Press Release

Tallgrass Energy GP and Tallgrass Energy Partners Announce Acquisitions and the Evaluation of Tallgrass Energy Organizational Structure

Company Release - 2/7/2018 4:26 PM ET

LEAWOOD, Kan.--(BUSINESS WIRE)-- Tallgrass Energy GP, LP (NYSE: TEGP) and Tallgrass Energy Partners, LP (NYSE: TEP) (“TEP”) today announced that Tallgrass Equity, LLC (“Tallgrass Equity”), a subsidiary of TEGP, has acquired a 25.01 percent membership interest in Rockies Express Pipeline LLC (“REX”) and 5,619,218 TEP common units from Tallgrass Development, LP (“TD”). The companies also announced that TEP has acquired a 2 percent membership interest in Tallgrass Pony Express Pipeline, LLC (“Pony Express”) and other administrative assets from TD. In addition, Tallgrass announced it is beginning an evaluation of potential reorganization alternatives involving TEGP and TEP.

Tallgrass Equity Acquisition and Anticipated Distribution Increase

On Feb. 7, 2018, TD merged into a wholly owned subsidiary of Tallgrass Equity. As a result, Tallgrass Equity acquired a 25.01 percent membership interest in REX and 5,619,218 TEP common units. In consideration, TEGP and Tallgrass Equity issued 27,554,785 unregistered TEGP Class B shares and Tallgrass Equity units valued at approximately $644.8 million based on the TEGP closing price on Feb. 6, 2018. The equity issued by TEGP and Tallgrass Equity was based on a discounted 30-day volume-weighted average price of TEGP Class A shares. The 25.01 percent REX membership interest was valued at approximately $400 million and the 5,619,218 TEP common units were valued at approximately $256.2 million based on a 30-day volume-weighted average price.

Management intends to recommend to the board of directors of TEGP’s general partner that TEGP increase its quarterly distributions for the first and second quarters of 2018 by an aggregate of approximately $0.12 ($0.48 annualized) per class A share, which would be an increase of approximately 33 percent as compared to the quarterly distribution declared for the fourth quarter of 2017.

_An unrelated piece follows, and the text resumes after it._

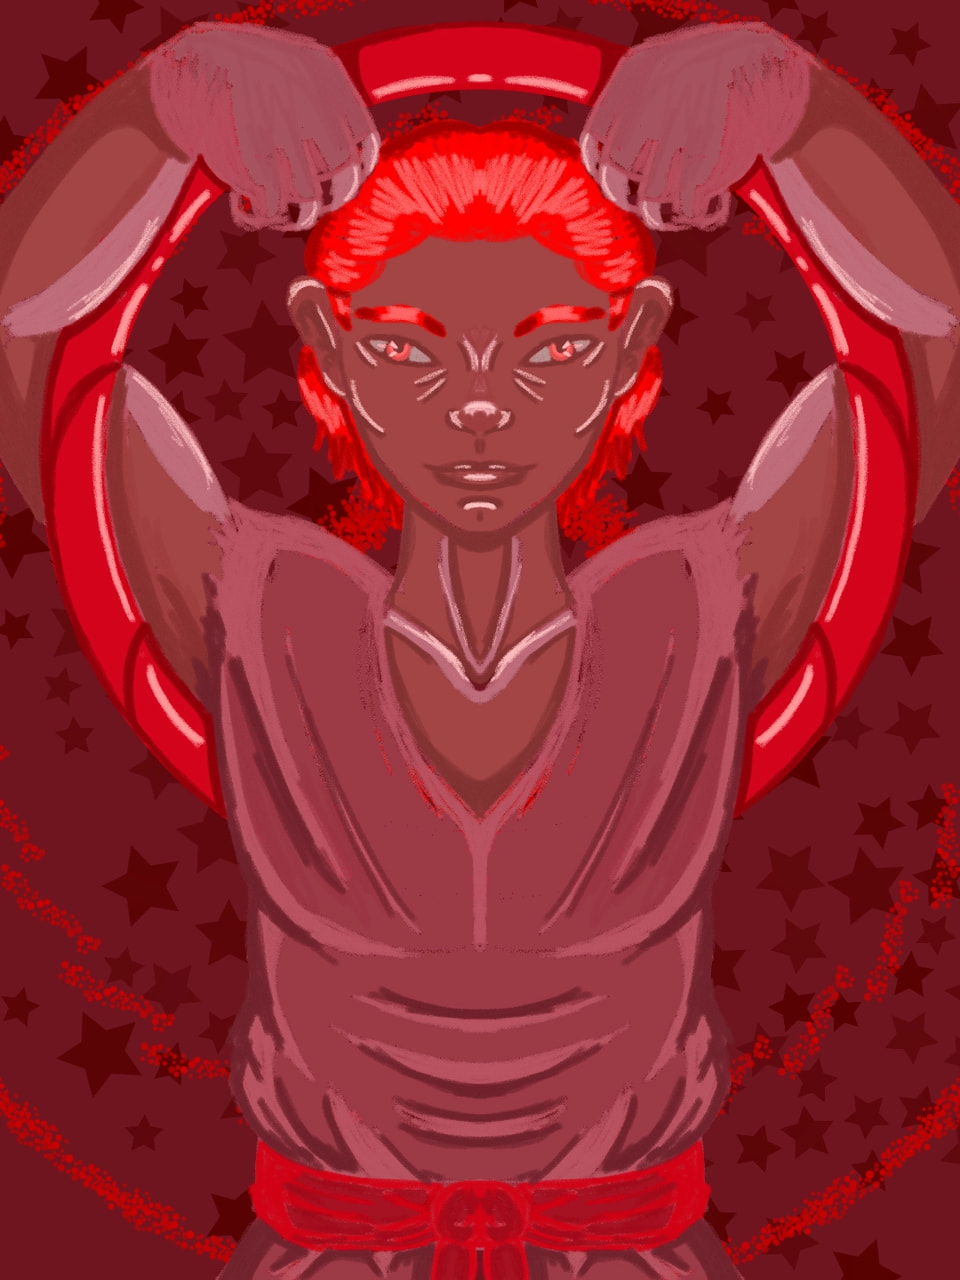 #Redchallenge #colorweek #male #sonysketch umm whatever. Started drawing and this came out, so dunno!

“This acquisition represents an accretive transaction for Tallgrass Equity and TEGP,” said Tallgrass President and CEO David G. Dehaemers Jr. “The TEGP equity consideration utilizes our most effective cost of equity at this time, and likely addresses Tallgrass Energy’s foreseeable equity capital requirements for currently known financing needs during 2018 and 2019. In addition, the TEGP share consideration received by Tallgrass Development partners demonstrates our continued belief in the long-term value creation opportunities that lie ahead for Tallgrass Energy. As sponsors, the TD partners continue to have a significant investment in Tallgrass Energy and we now have another $645 million invested as a result of this transaction.”

TEP Acquisition

Effective Feb. 1, 2018, TEP acquired a 2 percent membership interest in Pony Express and administrative assets -- primarily information technology assets -- from TD for cash consideration of approximately $60 million. TEP funded the transaction with borrowings under its revolving credit facility.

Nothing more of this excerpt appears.